Primorosa a definição aplicada pelo colunista Leonardo Sakamoto, da Folha-UOL, às declarações do candidato a presidente da República Jair Bolsonaro de que não aceitará outro resultado das eleições de outubro que não seja a sua vitória. Para Sakamoto, Bolsonaro colocou a democracia no pau-de-arara instrumento de suplício e tortura praticado por agentes da repressão nos porões da ditadura militar que foi instaurada em 1964 e concluída em 1985. A fala de Bolsonaro contribuiu para tirar a máscara de um postulante que apregoa respeitar a lei e a ordem, mas, que na verdade, assume postura golpista, de desrespeito às instituições democráticas.
A rigor, com a extemporânea ameaça formulada, Bolsonaro sinaliza que não aceita as regras de um jogo do qual participa. Seria o caso de pedir para sair, já que demonstra querer ganhar a todo custo confiado nas baionetas que, por certo, no momento, estão caladas. O candidato do PSL confunde urna com caserna ou quartel tem sido assim desde que se lançou candidato à presidência da República. Não haveria nada demais se Bolsonaro externasse apenas a desconfiança quanto à segurança das urnas eletrônicas isto é da natureza de candidatos paranoicos que se julgam talhados exclusivamente para ganhar e que nunca foram treinados para perder. Mas ele foi mais além, acenando com a hipótese de uma intervenção da farda. Ora, o jogo que está sendo jogado é outro. A ditadura militar é uma excrescência varrida do imaginário de segmentos formadores de opinião pública no Brasil. Apenas seduz saudosistas empedernidos como Bolsonaro e eleitores desinformados que não sabem o que foi a longa noite das trevas que se abateu sobre o Brasil desde que se concretizou o putsch de 64.

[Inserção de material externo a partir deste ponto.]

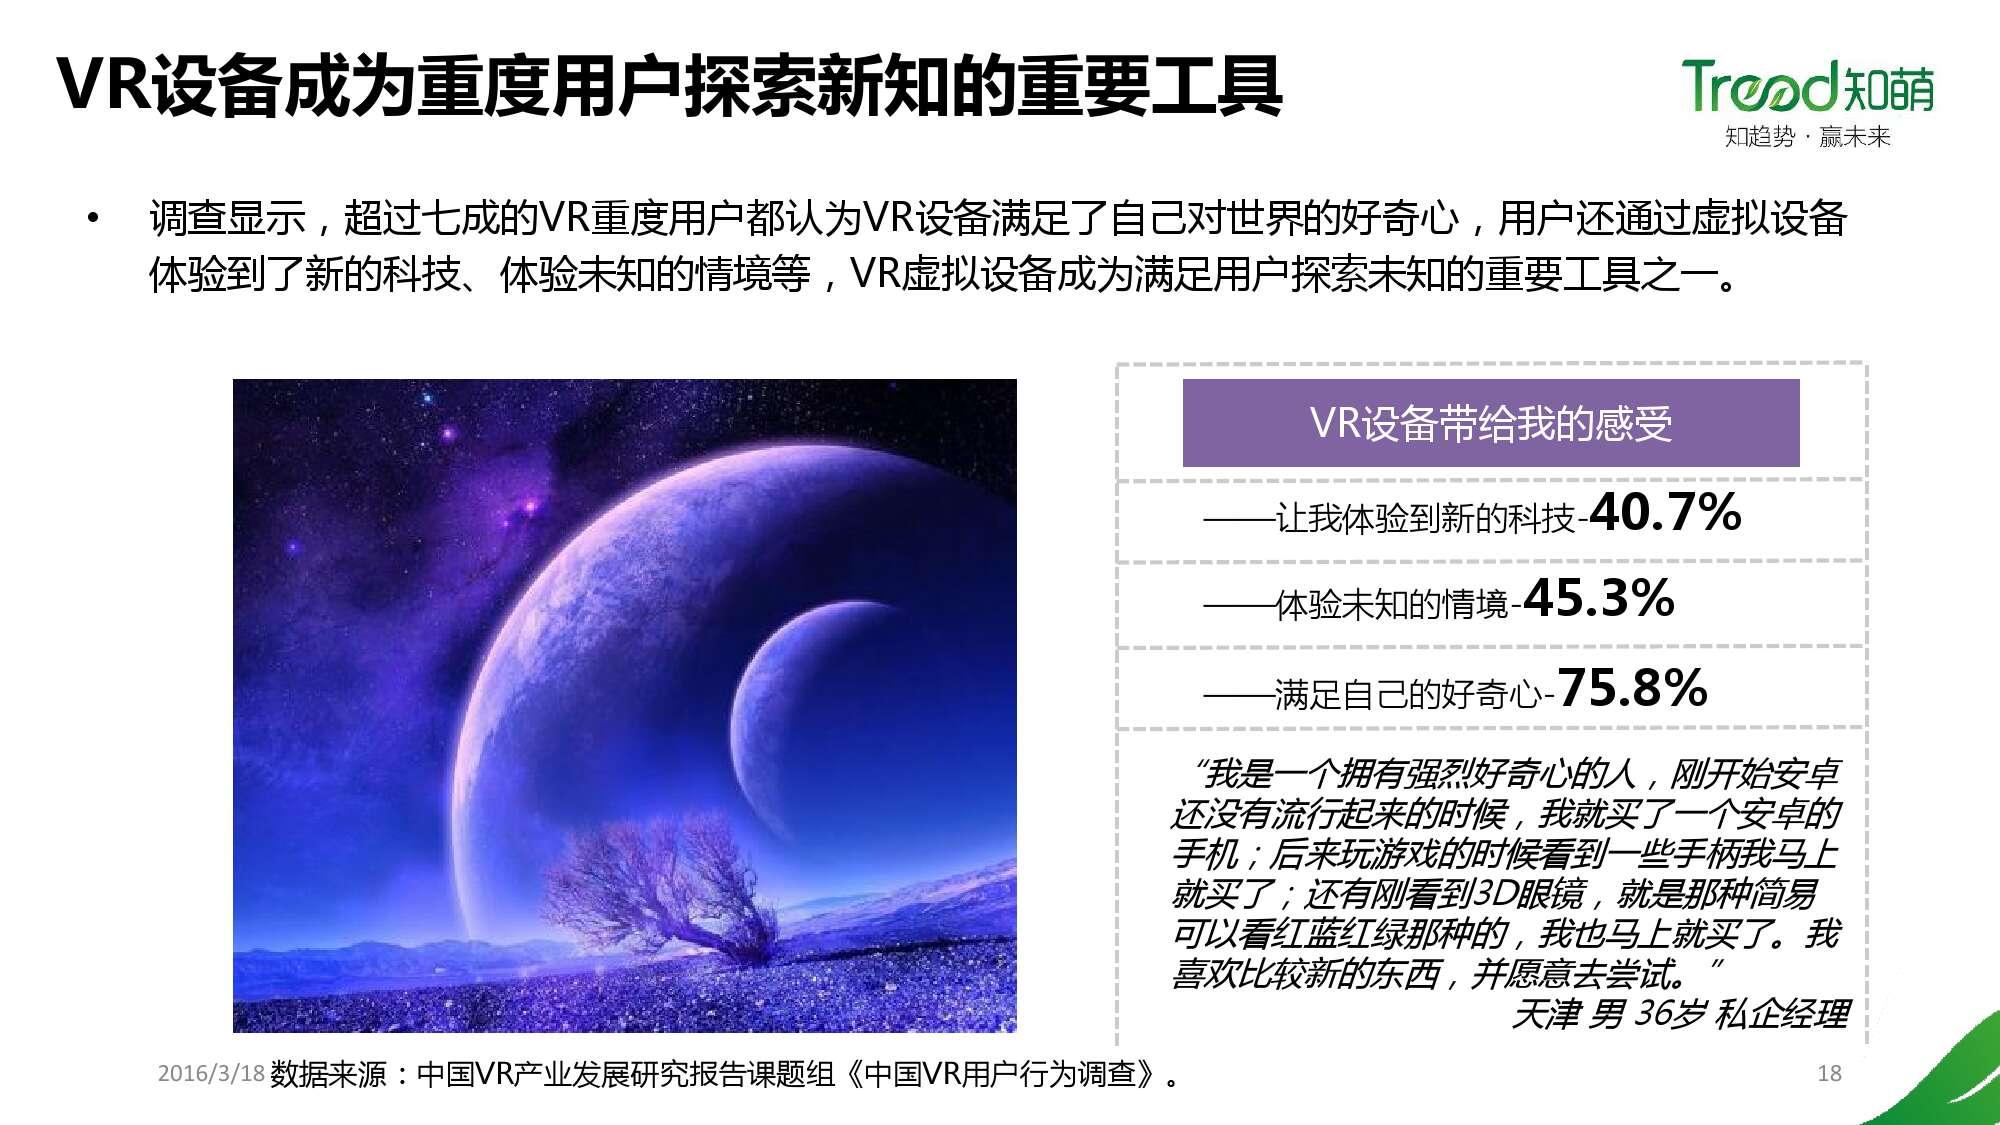 中国VR用户行为研究报告_000018

Bolsonaro brinca com fogo, mas a reconquista da democracia significou um preço muito alto para ser jogada fora pelo primeiro oportunista de ocasião. Ela custou sangue, suor e lágrimas, para usarmos a paródia de Churchill sobre o estoicismo da Grã-Bretanha no concerto dos conflitos geopolíticos e da tensão artificial entre potências. Em 1978, na Bahia, a polícia militar do governador biônico foi instruída para impedir uma reunião política convocada para lançamento de candidaturas da oposição ao Senado. Em frente ao teatro Castro Alves, políticos liderados pelo doutor Ulysses Guimarães deflagraram a resistência cívica contra a arbitrariedade. A praça, conforme registrou em livro o jornalista Sebastião Nery, era um campo de batalha: 500 homens de fuzil com baioneta calada, 28 caminhões-transportes, dezenas de patrulhas, lança-chamas e grossas cordas amarradas nos coqueiros em torno do logradouro. Ulysses avançou rápido, sem titubear, seguido por Tancredo Neves, Freitas Nobre, Saturnino Braga e jornalistas. Um oficial berrou: Parem, ao que Ulysses retrucou: Respeitem o presidente da Oposição. Meteu a mão no cano de um fuzil, jogou para o lado, atravessou. Tancredo meteu o braço em outro, passou. Três imensos cães negros saltam sobre Ulysses. Freitas Nobre dá um pontapé na boca de um. A comitiva entra aos tombos no recinto. Ulysses sobe à janela, liga os alto-falantes para a praça. E dispara: Soldados da minha pátria, baioneta não é voto, cachorro não é urna.
Pena que em face de golpistas recalcitrantes como Bolsonaro, não tenhamos Ulysses Guimarães para comandar batalhas de Itararé como a da Bahia!